The girl stands on her tiptoes, her usual cloud of frizzy hair twisted back into two round buns on top of her head. Her eyes are sparkling with mischief that Vi doesn’t have the energy for.
“Is there a girl in your room?” Sola says, eyes glinting. “I didn’t realise we were allowed girls in our rooms.”
Vi rolls her eyes. “Leave her. She’s sick.”
She sets off down the corridor, Sola hot on her heels.
“Is that your girlfriend?”
Vi pushes through the first set of double doors with a sigh. “Yeah.”
“She’s pretty.”
“I know.”
“Where are you going?”
Vi pauses at the place where the corridor splits off, and nods her head in the direction of Doctor Grehan’s office. “I’ve gotta go see Grehan about something.” She pauses at the girl’s hopeful expression. “I’ll… see you later, alright?”
“Alright,” says Sola, chirpily. “See you later.”
Vi shakes her head as she watches the girl disappear back down the corridor. She really does remind her of Jinx. She’d known that when she first encountered Sola, but she’d pushed the thought away because it made her feel sick. Sola was unpredictable and seemed to swing from one intense mood to the next. But she was sweet enough. It made Vi think of Jinx in a place like this. Whether she could have gotten help before—
She shakes the thought from her head and makes her way to Grehan’s office.
He doesn’t even look up from his laptop as Vi appears in the doorway.
“Violet,” he says. “To what do I owe the pleasure?”
She frowns. “How’d you know it was me?”
He peers over the screen and says, straight-faced, “You are heavy-footed.”
She scowls at his grin. He gestures for her to take a seat, but she doesn’t. She does move a little closer into the room, closing the door behind her, and hovers by one of the bookshelves. “I, uh—I need to be with Cait tonight.”
Grehan finishes typing something, taking his time, and then closes the laptop with a soft click . He gestures again for her to take a seat. She shakes her head. His expression doesn’t change—but he also doesn’t say anything.
Vi spurs on. “She’s not been doing too hot, and I think she might be getting the flu or something and she’s such a baby when she’s sick.” She huffs a breath. “I can’t just send her back out on her own, and there’s nobody else to take care of her. I’ll just—” She bites her lip. She’s begun to pace, a little, not meeting Grehan’s eyes. She wonders how truthful she’s being, with her Caitlyn needs me narrative. “I’ll—I’ll be worried about her, and then I won’t be focusing on—” She gestures around her. “All this.”
“All this,” the Doctor repeats, skeptical.
She shoots him a look. “Yeah, you know.
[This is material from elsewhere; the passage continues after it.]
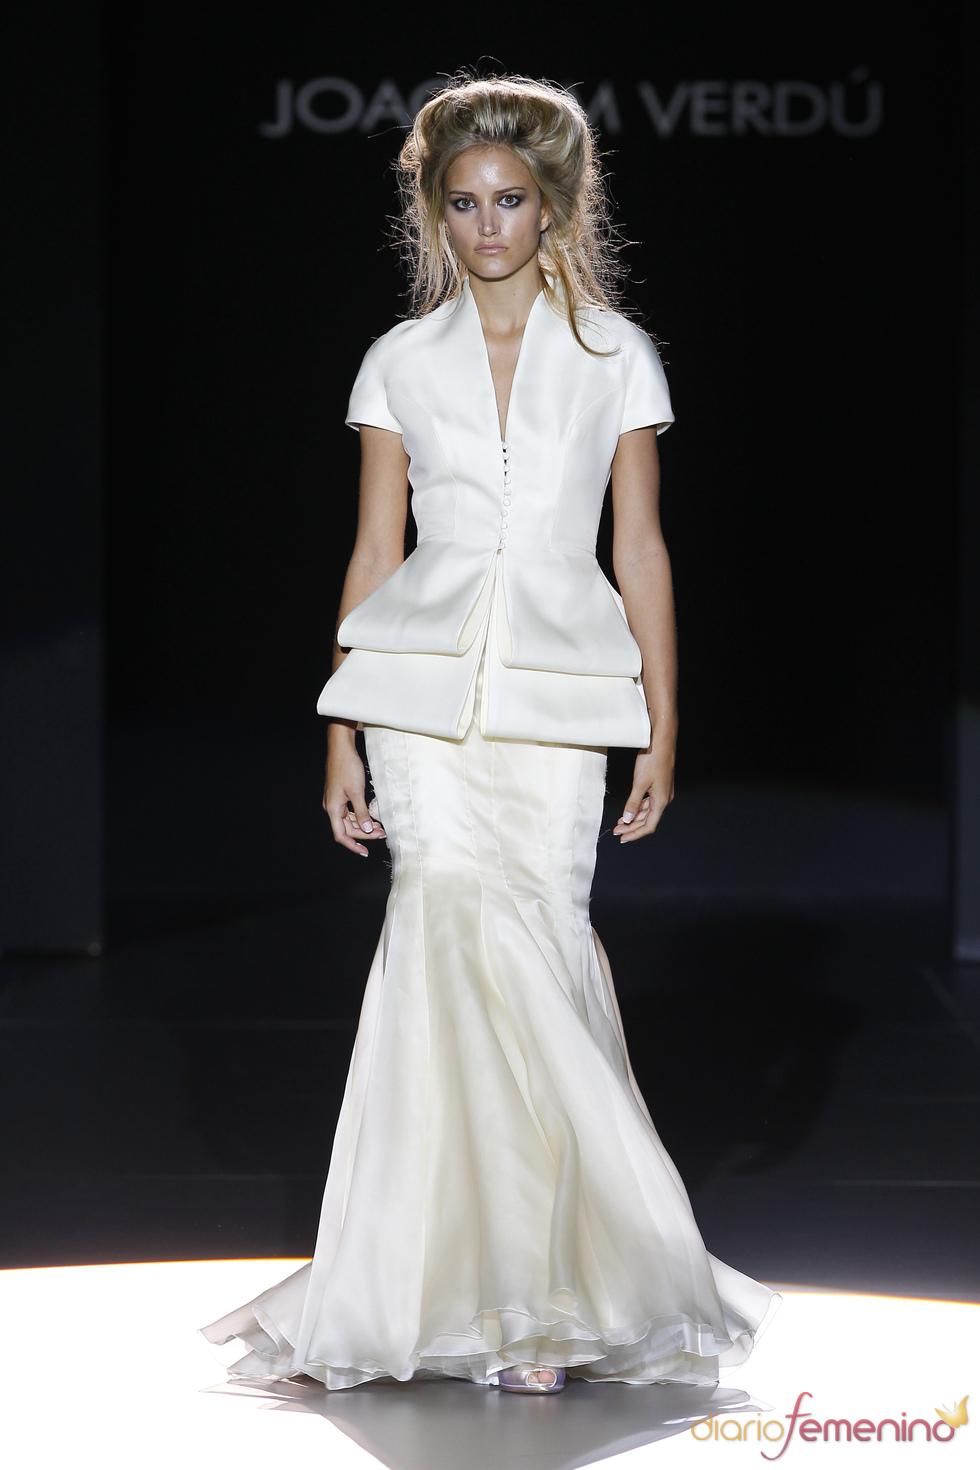 Moderno diseño para novia de Joaquim Verdú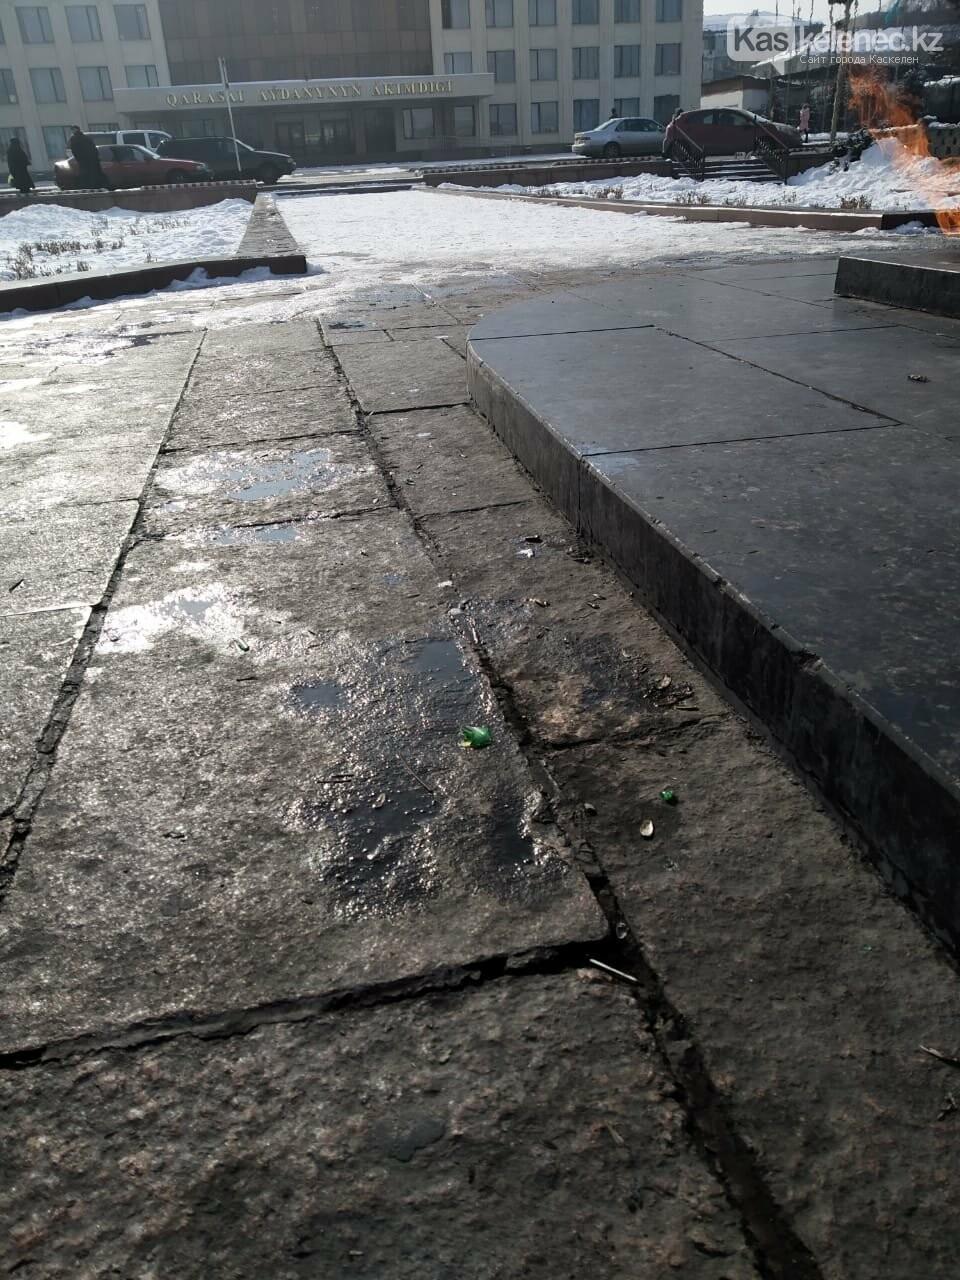 Памятник жертвам ВОВ в очередной раз осквернили в Каскелене, фото-4

The program.”
This time, when he gestures for her to take a seat, she does. She slumps down like a kid being called into the Headteacher’s office. She picks at the leather of the armchair, avoiding his eyes.
Grehan moves his laptop aside and leans his forearms on the desk in front of him, fixing Vi with a stern gaze. “So, you’ve come to—what? Ask me if you can go home for the night?” Vi’s eyes flick up to his, and his expression softens. “Vi, we’ve been through this. You are permitted to leave at any point, unless we feel you are a danger—”
“—To myself or others, I know.” She doesn’t know why it comes out so bitter. “I know.”
“So, what’s the problem?”
She chews her lip. Why is this so difficult?
Another voice in her head; a gentler one that is beginning to sound a lot like Caitlyn: Because you’re asking for help.
Vi swallows. “If I go home, I won’t come back.”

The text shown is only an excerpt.